**AIM OF THE EXERCISE:**
Using the records below, count the lines containing "Dark" and give only the total.

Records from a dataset
++++++++

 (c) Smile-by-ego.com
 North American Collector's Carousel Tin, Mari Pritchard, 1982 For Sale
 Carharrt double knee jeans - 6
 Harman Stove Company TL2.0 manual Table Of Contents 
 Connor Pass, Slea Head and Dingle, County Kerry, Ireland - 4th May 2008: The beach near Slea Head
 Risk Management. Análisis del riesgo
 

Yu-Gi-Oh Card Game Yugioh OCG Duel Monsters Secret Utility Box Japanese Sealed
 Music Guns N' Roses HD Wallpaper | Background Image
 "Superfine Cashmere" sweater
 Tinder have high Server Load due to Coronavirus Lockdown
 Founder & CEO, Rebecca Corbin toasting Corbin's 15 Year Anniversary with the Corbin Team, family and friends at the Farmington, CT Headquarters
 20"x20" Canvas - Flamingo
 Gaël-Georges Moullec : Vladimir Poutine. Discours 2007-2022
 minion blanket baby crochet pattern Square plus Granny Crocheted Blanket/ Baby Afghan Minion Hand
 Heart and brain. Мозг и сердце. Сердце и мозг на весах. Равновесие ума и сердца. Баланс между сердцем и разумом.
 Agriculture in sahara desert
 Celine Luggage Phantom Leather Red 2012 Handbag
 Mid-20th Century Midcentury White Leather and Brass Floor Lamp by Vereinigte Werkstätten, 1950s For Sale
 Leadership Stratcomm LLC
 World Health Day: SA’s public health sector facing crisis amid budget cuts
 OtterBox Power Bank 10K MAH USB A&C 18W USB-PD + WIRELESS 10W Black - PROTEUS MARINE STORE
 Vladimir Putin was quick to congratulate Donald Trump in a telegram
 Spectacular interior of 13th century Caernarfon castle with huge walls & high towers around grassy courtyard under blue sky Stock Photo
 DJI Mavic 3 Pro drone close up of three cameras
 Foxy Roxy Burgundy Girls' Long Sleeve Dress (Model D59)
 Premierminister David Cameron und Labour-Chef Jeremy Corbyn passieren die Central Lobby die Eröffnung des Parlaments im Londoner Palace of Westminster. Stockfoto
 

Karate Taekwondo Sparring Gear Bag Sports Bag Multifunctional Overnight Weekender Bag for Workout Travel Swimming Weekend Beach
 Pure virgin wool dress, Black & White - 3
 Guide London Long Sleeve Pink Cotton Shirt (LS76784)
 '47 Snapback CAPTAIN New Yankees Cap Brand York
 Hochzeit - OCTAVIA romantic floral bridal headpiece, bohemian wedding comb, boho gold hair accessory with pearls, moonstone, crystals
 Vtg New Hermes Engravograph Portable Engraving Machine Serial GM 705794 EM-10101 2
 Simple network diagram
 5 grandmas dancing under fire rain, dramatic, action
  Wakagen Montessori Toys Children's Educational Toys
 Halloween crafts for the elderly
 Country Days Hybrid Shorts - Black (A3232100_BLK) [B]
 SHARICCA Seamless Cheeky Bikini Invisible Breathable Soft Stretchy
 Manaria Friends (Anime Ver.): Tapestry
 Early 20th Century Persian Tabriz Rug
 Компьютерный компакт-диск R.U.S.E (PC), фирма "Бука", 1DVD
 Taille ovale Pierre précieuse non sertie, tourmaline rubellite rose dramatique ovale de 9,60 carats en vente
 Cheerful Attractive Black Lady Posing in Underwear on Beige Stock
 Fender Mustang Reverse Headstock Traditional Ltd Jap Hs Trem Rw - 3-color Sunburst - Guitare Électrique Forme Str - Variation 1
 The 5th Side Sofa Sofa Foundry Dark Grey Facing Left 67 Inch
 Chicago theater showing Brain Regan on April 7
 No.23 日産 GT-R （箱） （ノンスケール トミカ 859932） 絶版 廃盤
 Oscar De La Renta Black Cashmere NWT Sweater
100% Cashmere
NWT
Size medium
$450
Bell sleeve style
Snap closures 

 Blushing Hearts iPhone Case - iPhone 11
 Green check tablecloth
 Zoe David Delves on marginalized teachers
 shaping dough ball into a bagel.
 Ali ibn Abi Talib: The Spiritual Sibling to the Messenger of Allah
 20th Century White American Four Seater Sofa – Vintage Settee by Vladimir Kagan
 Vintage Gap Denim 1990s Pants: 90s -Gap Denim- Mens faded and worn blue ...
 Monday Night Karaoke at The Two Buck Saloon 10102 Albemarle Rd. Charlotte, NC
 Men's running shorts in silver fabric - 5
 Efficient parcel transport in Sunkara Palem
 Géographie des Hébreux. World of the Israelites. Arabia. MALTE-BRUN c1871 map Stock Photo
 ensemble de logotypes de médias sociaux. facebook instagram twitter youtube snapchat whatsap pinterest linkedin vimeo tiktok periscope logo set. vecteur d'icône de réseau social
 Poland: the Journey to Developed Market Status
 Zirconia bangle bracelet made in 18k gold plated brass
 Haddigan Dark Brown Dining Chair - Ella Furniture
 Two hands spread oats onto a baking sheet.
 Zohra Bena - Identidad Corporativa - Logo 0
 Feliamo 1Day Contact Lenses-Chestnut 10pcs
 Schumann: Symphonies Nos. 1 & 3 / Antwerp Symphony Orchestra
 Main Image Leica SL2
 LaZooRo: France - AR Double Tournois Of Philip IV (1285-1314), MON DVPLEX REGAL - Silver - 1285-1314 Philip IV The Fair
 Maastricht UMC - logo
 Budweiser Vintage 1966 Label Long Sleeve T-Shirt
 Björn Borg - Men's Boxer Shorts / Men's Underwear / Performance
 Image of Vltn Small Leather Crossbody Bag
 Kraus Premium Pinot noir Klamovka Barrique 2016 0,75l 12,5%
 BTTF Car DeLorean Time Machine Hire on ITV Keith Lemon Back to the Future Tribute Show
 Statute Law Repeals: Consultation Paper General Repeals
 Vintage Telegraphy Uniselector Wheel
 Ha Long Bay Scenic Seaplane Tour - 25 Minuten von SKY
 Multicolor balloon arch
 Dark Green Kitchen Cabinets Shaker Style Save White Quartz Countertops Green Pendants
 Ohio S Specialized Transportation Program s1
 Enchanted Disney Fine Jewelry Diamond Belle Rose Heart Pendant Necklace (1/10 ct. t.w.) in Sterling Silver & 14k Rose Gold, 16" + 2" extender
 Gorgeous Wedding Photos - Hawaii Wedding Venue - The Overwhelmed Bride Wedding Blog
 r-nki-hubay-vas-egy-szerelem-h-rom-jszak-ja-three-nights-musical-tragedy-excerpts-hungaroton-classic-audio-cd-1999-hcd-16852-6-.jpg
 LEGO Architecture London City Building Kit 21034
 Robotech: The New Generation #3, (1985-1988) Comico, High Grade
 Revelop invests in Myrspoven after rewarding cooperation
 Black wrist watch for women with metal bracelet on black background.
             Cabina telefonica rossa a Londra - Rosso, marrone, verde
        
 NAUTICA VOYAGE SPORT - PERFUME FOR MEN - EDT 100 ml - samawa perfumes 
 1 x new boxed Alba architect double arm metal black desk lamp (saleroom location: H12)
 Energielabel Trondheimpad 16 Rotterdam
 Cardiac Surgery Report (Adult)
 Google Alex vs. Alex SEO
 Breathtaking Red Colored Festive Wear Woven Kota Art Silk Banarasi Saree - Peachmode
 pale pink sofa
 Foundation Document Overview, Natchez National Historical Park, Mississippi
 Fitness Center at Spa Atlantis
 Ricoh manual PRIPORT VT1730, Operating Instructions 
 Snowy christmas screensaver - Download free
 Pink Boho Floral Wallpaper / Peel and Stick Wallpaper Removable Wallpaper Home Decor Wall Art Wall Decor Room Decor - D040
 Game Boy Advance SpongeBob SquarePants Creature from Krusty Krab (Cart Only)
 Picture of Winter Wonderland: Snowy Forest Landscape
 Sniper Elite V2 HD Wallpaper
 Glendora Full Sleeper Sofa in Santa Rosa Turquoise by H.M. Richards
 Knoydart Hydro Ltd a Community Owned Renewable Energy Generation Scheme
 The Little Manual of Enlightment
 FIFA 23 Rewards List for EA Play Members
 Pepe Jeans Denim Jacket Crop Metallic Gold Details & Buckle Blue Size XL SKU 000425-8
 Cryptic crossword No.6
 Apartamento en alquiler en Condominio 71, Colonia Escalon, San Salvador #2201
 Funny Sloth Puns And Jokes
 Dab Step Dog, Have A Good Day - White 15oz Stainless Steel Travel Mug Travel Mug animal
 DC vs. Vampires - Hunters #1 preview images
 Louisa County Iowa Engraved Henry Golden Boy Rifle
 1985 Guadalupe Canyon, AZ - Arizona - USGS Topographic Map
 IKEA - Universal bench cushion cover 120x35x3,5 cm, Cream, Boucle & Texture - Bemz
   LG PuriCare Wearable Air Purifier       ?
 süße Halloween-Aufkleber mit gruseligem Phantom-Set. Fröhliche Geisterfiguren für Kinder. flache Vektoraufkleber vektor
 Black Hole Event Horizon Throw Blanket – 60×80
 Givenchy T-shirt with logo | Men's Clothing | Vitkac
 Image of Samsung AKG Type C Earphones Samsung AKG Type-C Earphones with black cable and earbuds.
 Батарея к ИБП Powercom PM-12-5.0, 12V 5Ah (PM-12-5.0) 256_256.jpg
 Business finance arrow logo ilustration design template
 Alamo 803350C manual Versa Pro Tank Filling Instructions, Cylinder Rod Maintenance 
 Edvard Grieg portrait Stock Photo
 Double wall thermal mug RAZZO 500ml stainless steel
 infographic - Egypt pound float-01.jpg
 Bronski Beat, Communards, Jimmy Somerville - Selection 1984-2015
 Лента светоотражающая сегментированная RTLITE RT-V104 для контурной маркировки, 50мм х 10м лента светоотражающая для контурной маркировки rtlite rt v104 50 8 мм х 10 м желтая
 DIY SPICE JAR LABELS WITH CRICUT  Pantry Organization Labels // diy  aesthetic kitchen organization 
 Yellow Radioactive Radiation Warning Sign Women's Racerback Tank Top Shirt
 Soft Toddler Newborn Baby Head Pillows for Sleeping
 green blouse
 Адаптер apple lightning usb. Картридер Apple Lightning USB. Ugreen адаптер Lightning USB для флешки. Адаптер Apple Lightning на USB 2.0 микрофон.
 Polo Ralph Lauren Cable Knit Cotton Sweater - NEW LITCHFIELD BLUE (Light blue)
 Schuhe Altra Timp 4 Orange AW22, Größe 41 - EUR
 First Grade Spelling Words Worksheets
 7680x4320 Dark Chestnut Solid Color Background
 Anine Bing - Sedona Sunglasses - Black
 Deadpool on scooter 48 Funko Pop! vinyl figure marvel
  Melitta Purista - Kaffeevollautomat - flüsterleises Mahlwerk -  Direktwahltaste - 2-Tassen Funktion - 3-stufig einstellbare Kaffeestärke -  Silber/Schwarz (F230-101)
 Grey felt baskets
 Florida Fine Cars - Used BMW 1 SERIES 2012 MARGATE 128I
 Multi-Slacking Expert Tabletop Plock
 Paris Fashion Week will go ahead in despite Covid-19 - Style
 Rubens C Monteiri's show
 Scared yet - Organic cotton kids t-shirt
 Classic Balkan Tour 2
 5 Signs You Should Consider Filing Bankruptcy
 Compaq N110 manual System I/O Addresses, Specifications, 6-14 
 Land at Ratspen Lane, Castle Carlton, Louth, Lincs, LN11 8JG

++++++++

**TASK ANSWER:**
4